**TASK REQUIREMENTS:**
Leave the images aside and repeat the whole listing exactly.

**DATA PROVIDED:**
▬▬▬▬▬▬
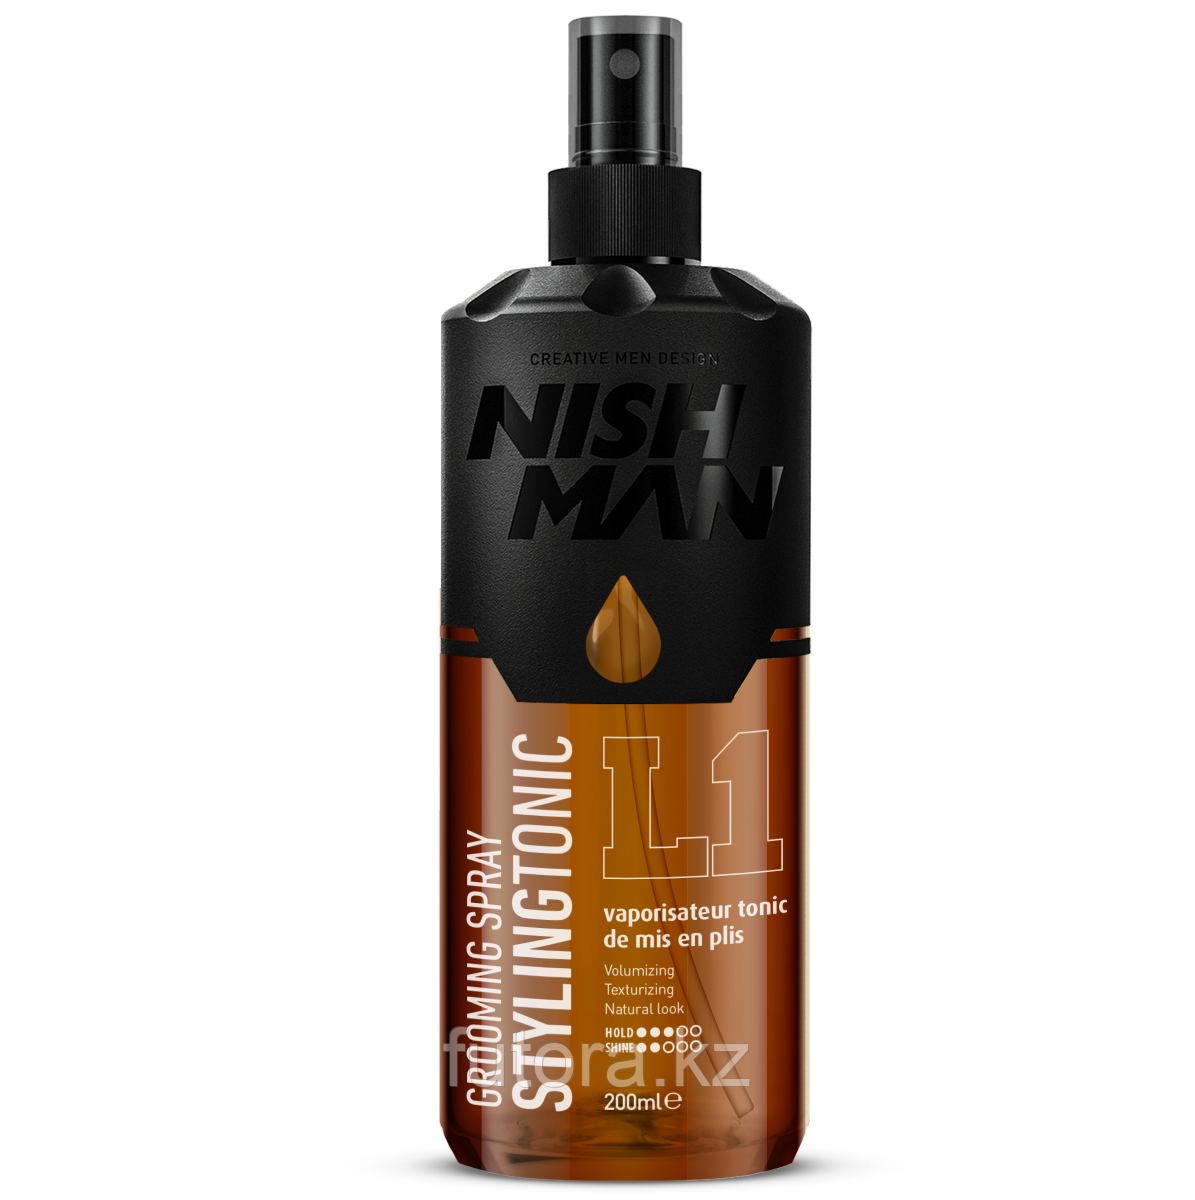 Тоник-спрей " Nishman Grooming Spray Styling Tonic" для повседневной укладки волос.
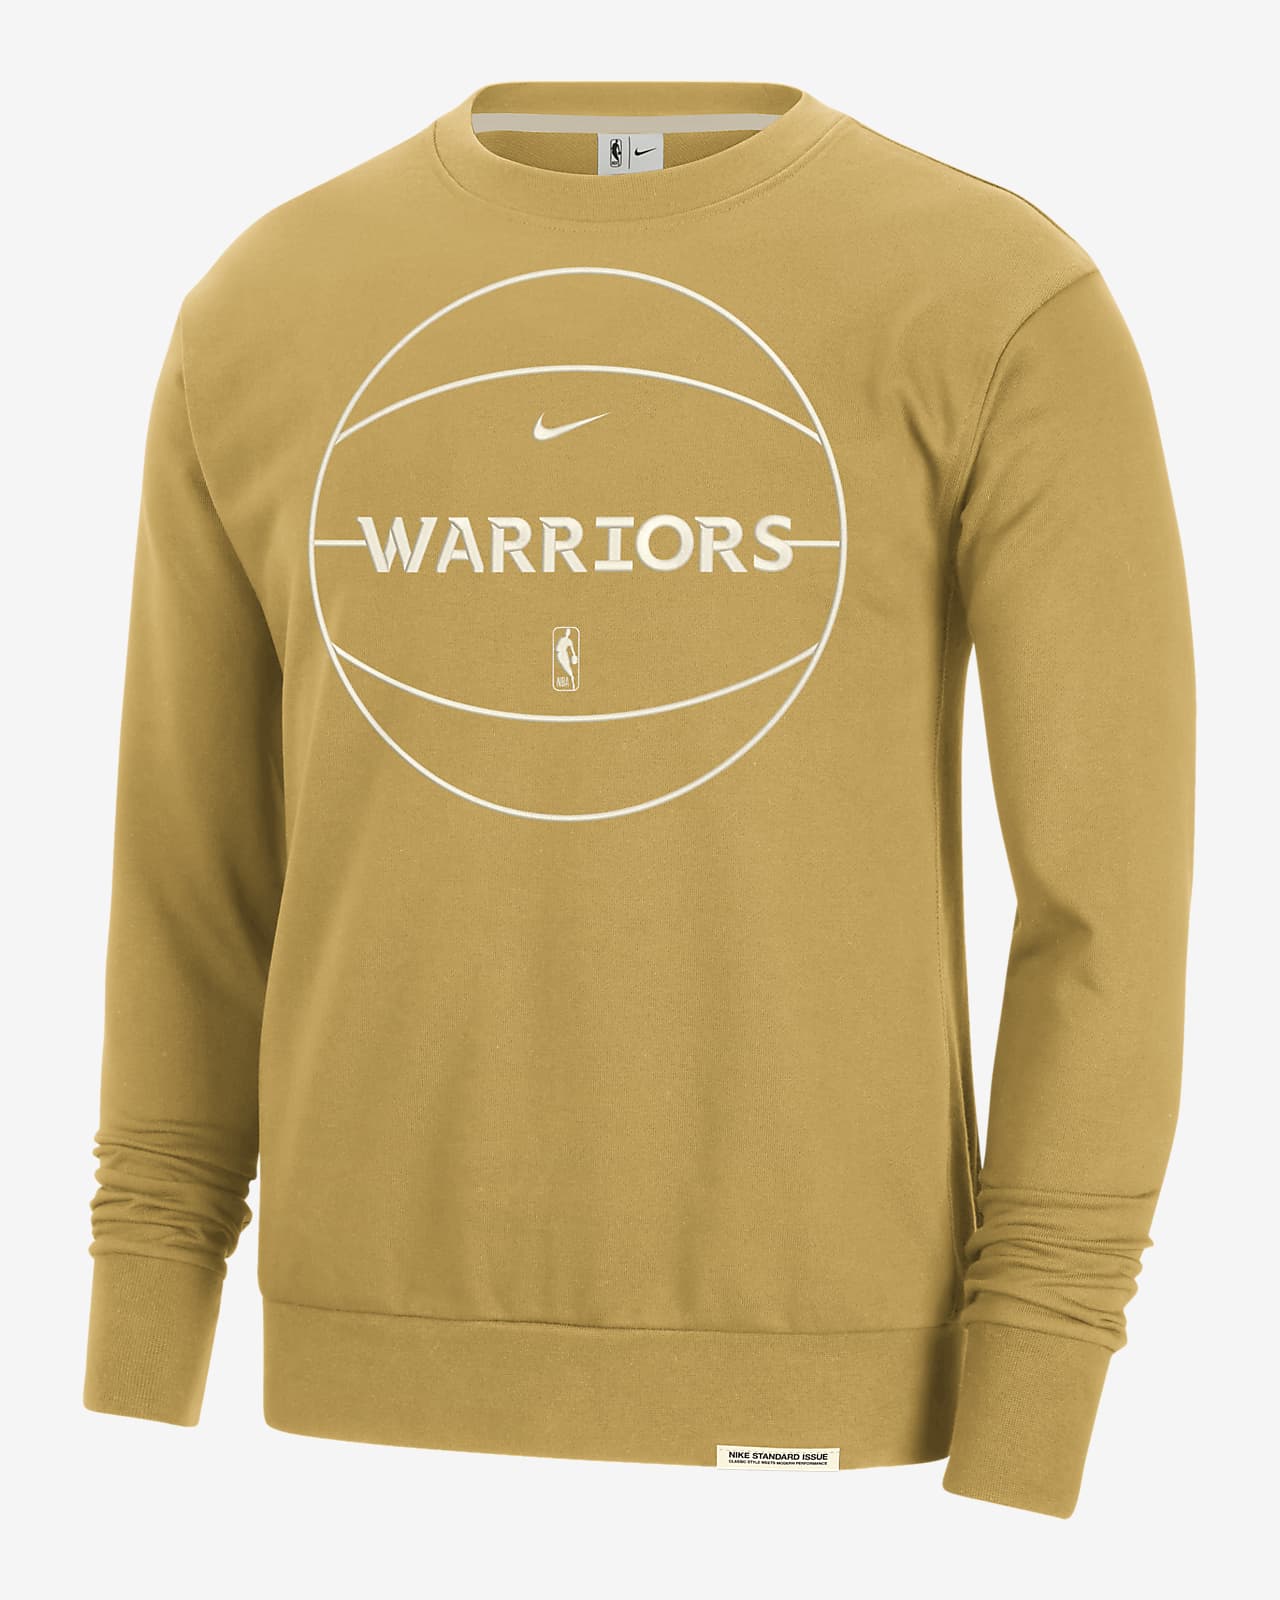 Golden State Warriors Standard Issue Men\'s Nike Dri-FIT NBA Sweatshirt.
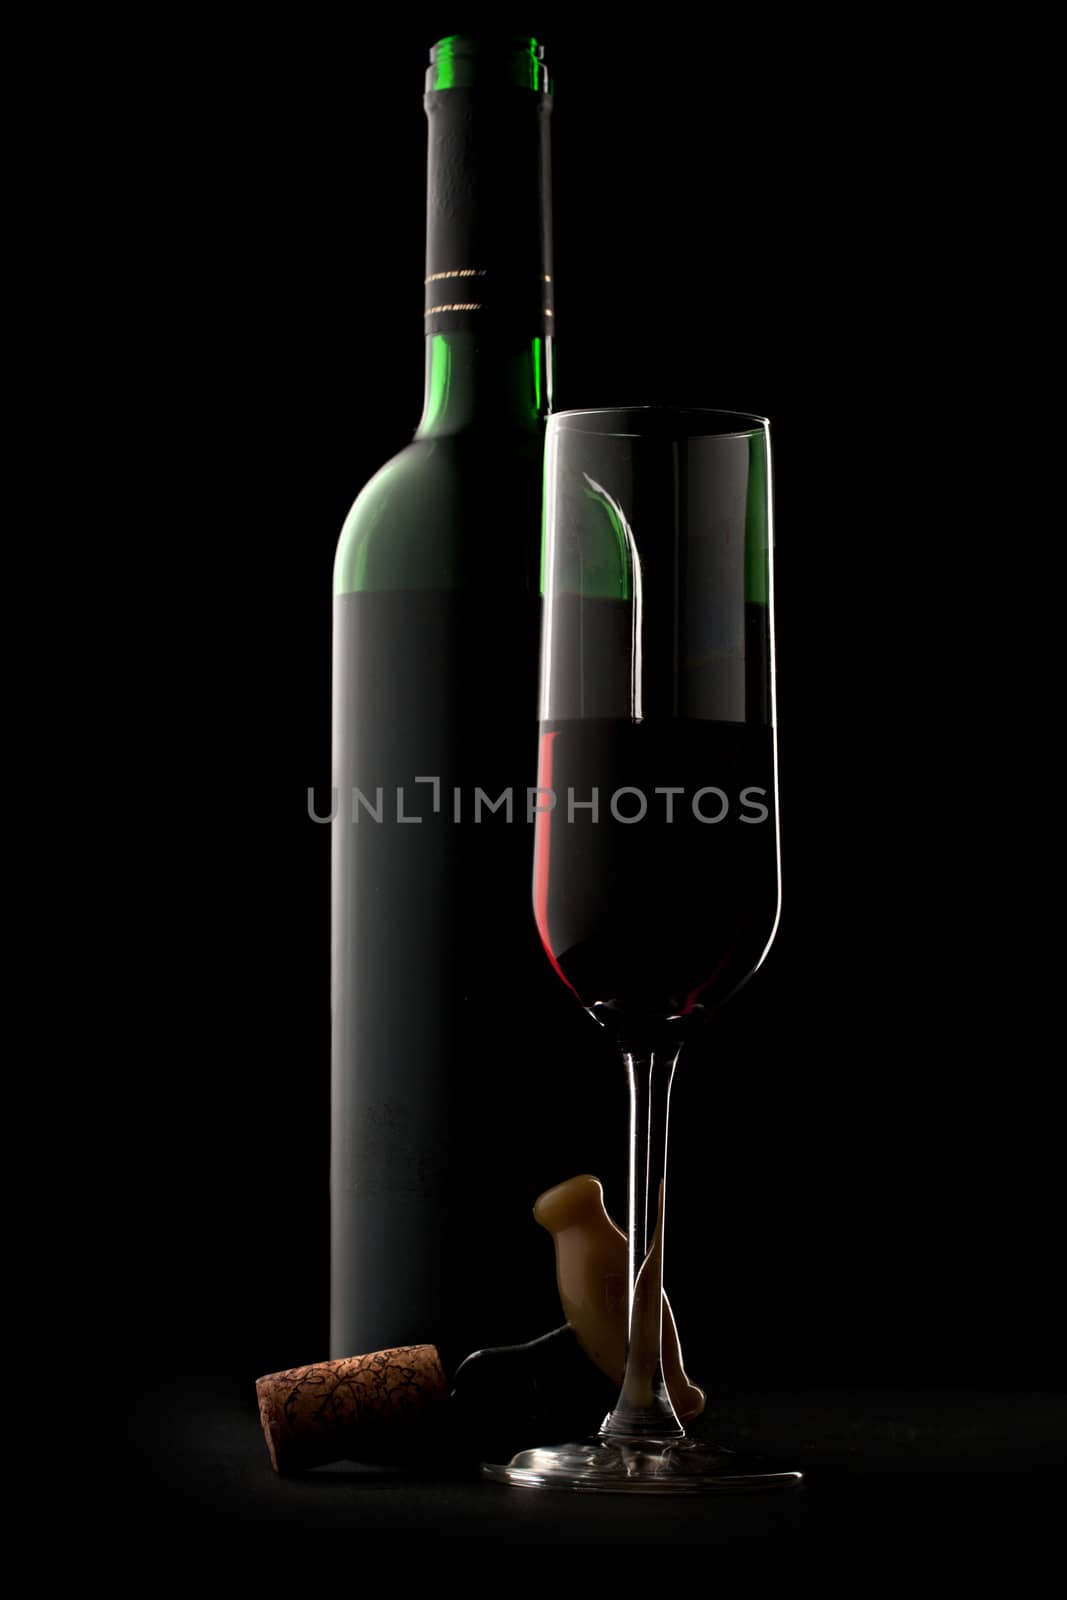 Bottle and glass of wine in black by Garsya
▬▬▬▬▬▬
**RESPONSE TO THE EXERCISE:**
 Тоник-спрей " Nishman Grooming Spray Styling Tonic" для повседневной укладки волос.
 Golden State Warriors Standard Issue Men\'s Nike Dri-FIT NBA Sweatshirt.
 Bottle and glass of wine in black by Garsya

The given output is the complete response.